Seeing the TransactedTopicMasterSlaveTest hang when run on Solaris. After examining jstack output for the hanging test and discussing with Gary Tully, he had the following suggestion:
this looks like an example of http://issues.apache.org/activemq/browse/AMQ-1993 but this time on the client side.
It seems like a write that results in the first reconnect attempt does not terminate but it should be aborting as there is no listening or reading thread. I guess there is no back log because the next write is blocked by the transport reconnect mutex. Some combination of low level tcp retries should be able to be configured at the OS level, and I guess the defaults should be less than 1 hour so I would expect this test to eventually complete, however, the OS level timeouts and retries may be contingent on a backlog reaching a minimum and currently there will be only one outstanding write due the the locking around the reconnect logic. This being the case, some code needs to implement the timeout.
The solution from http://issues.apache.org/activemq/browse/AMQ-1993 may be a good approach here.
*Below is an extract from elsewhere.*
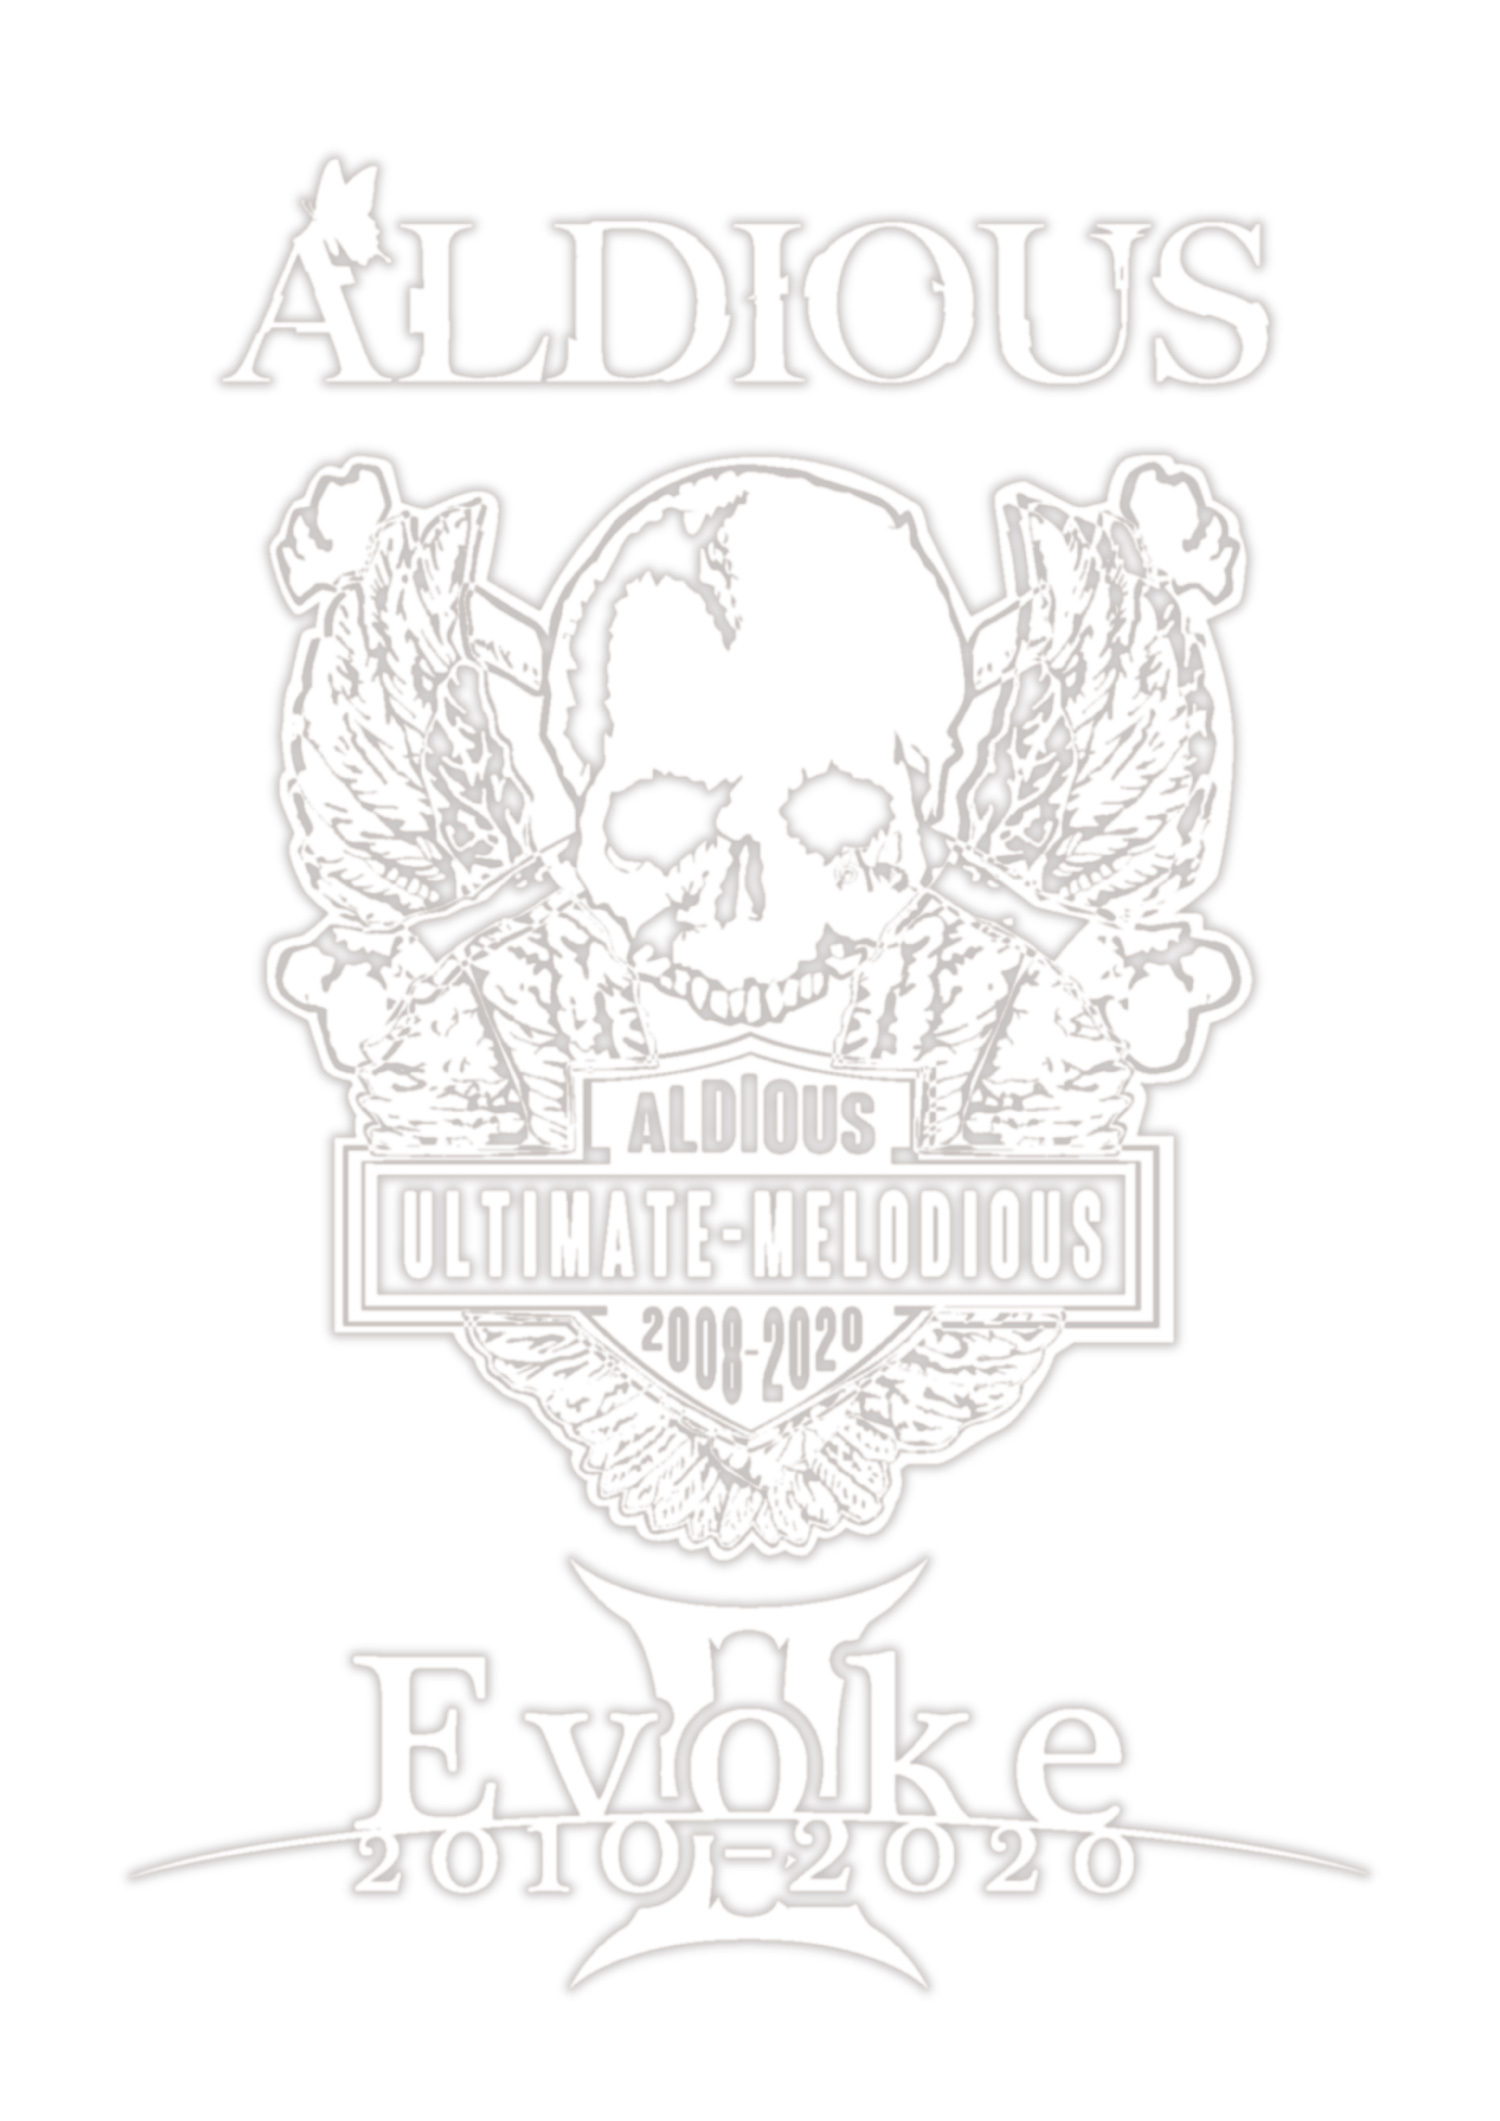 8thアルバム『EvokeⅡ 2010-2020』【オフィシャル・ウェブサイト限定プレミア盤】(4CD+DVD)

It will timeout a write call.
However the solution is currently only applicable to server side sockets, it needs to be extended to support a client connection.
I think all that is needed is to move the additional configuration code from:
org.apache.activemq.transport.TransportFactory.serverConfigure(Transport, WireFormat, HashMap)
to compositeConfigure that is called for all transports (both client and server)
Indeed, this fixes the problem. I've attached a patch against trunk which resolves the issue.